Oh no, Sandi. Poor Lisi. Never heard of this happening unless there's some accident but with your reading that seems to be it. :smcry:Hoping she's okay and not in pain.


----------



## edelweiss (Apr 23, 2010)

The last few days I have caught her several times chewing on the edge of her wicker bed. I have redirected her & she seemed ok w/it. It could well be a sign of pain. She won't let me touch the pad where it was--screams out -- so I have left it now. I wanted to get a good look at it. Tonight she was biting on the top of that paw or licking---not sure which, but she has it wet.


----------



## Snowball Pie's Mommi (Oct 16, 2008)

Oh, no ... poor Lisi. I can only imagine how painful this must be for her. The finger tips are one of the most sensitive parts of the body for pain ... so, losing a nail has got to be terribly painful. 

I don’t know why ... but, vasculitis was the first thing that came to my mind. Whatever the cause, I hope it is something that can be taken care of soon so that Lisi does not have to be in pain or feel uncomfortable any longer.

The link you shared explains how serious this can be ... so painful for the fluff, that they might snap at not only members of the veterinary team, but the pet parents as well. 

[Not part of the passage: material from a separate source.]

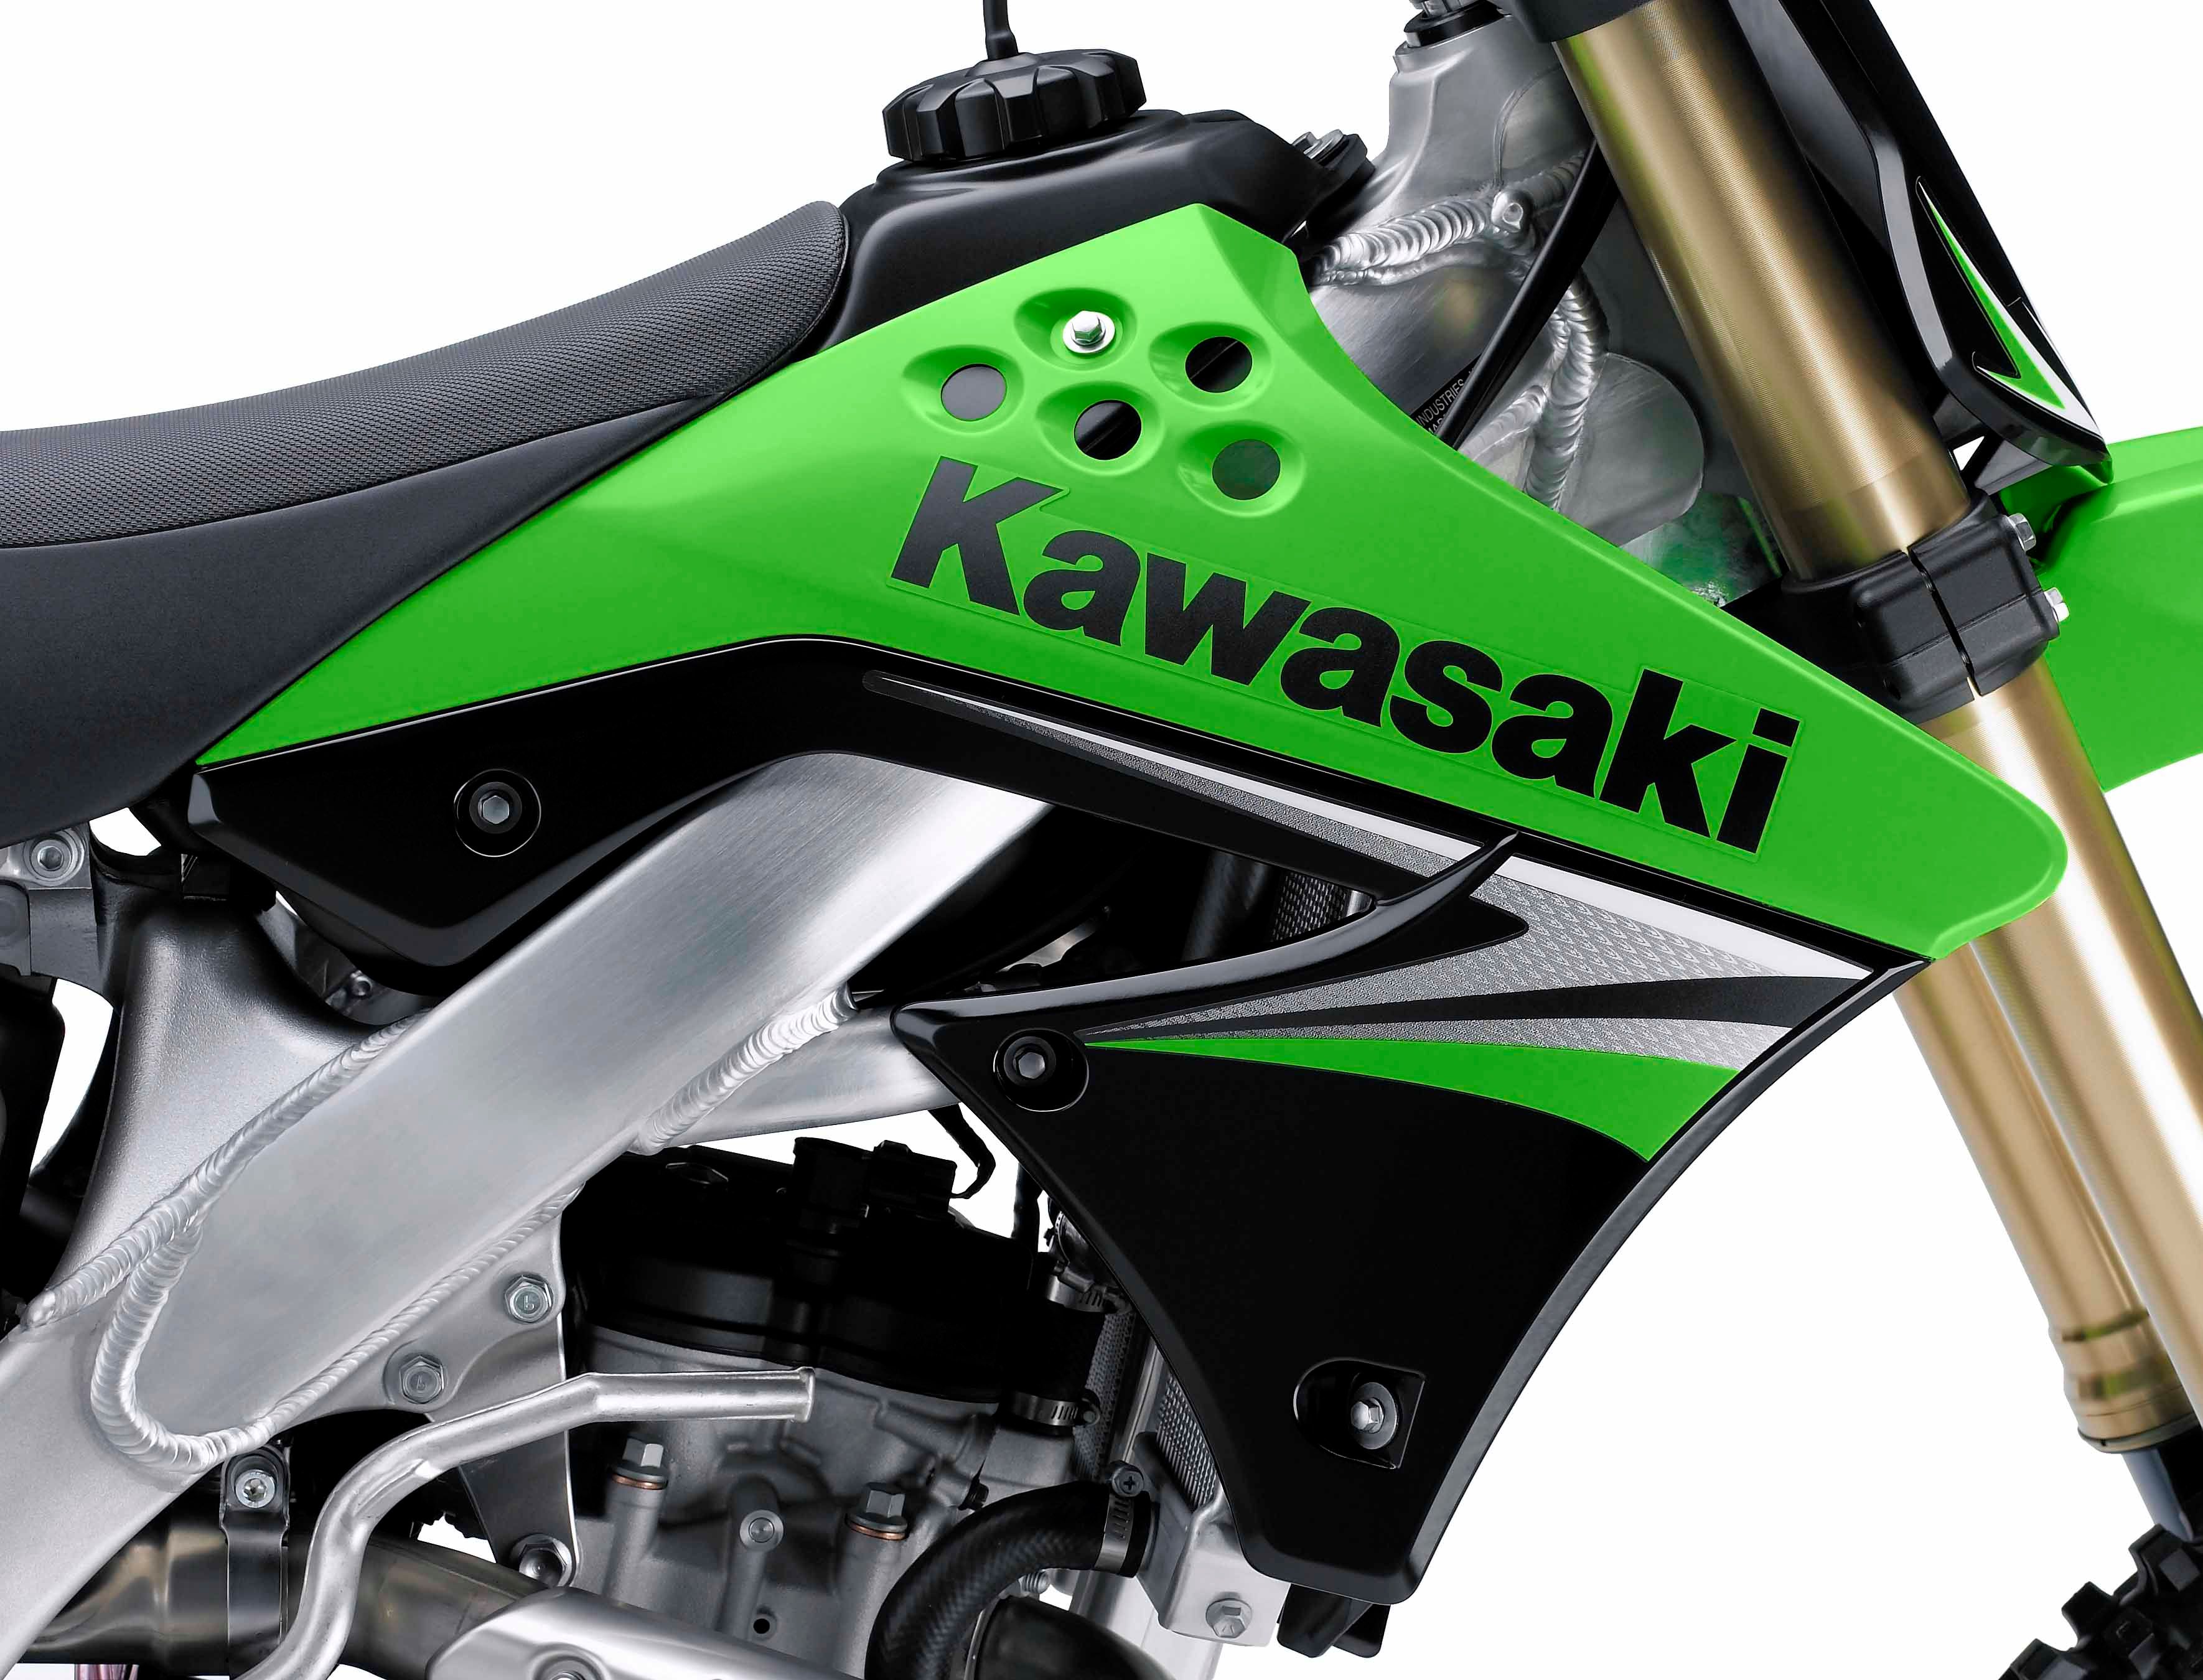  2009 Kawasaki KX250F

Sandi, just a thought ... if Lisi is chewing on the wicker bed ... I am wondering if the chewed edges might be sharp and potentially cause another kind of injury. When Snowball was a puppy, I thought a wicker bed might be nice ... but, his breeder didn’t recommend a wicker bed because some pups do chew on it. 

Please give Lisi and Kitzi hugs from me. Hugs for you, too.


----------



## maggieh (Dec 16, 2007)

Poor Lisi! I hate it when they hurt and can't tell us!


----------



## edelweiss (Apr 23, 2010)

Marie, I definitely am watching that---will take the bed away if I see it continue. I have been able to redirect her pretty much & actually she hasn't been alone. The bed is right next to my desk so I am aware if she chews---in fact it is pretty loud when she does it. 
She is in my bed at the moment & was biting/licking at the paw, but when I asked her to stop she did. She is not yet exhibiting any other "symptoms" so that is a good sign. Last time it was quite obvious that something was wrong. 
I will deliver your special hugs---thank you! I will keep mine!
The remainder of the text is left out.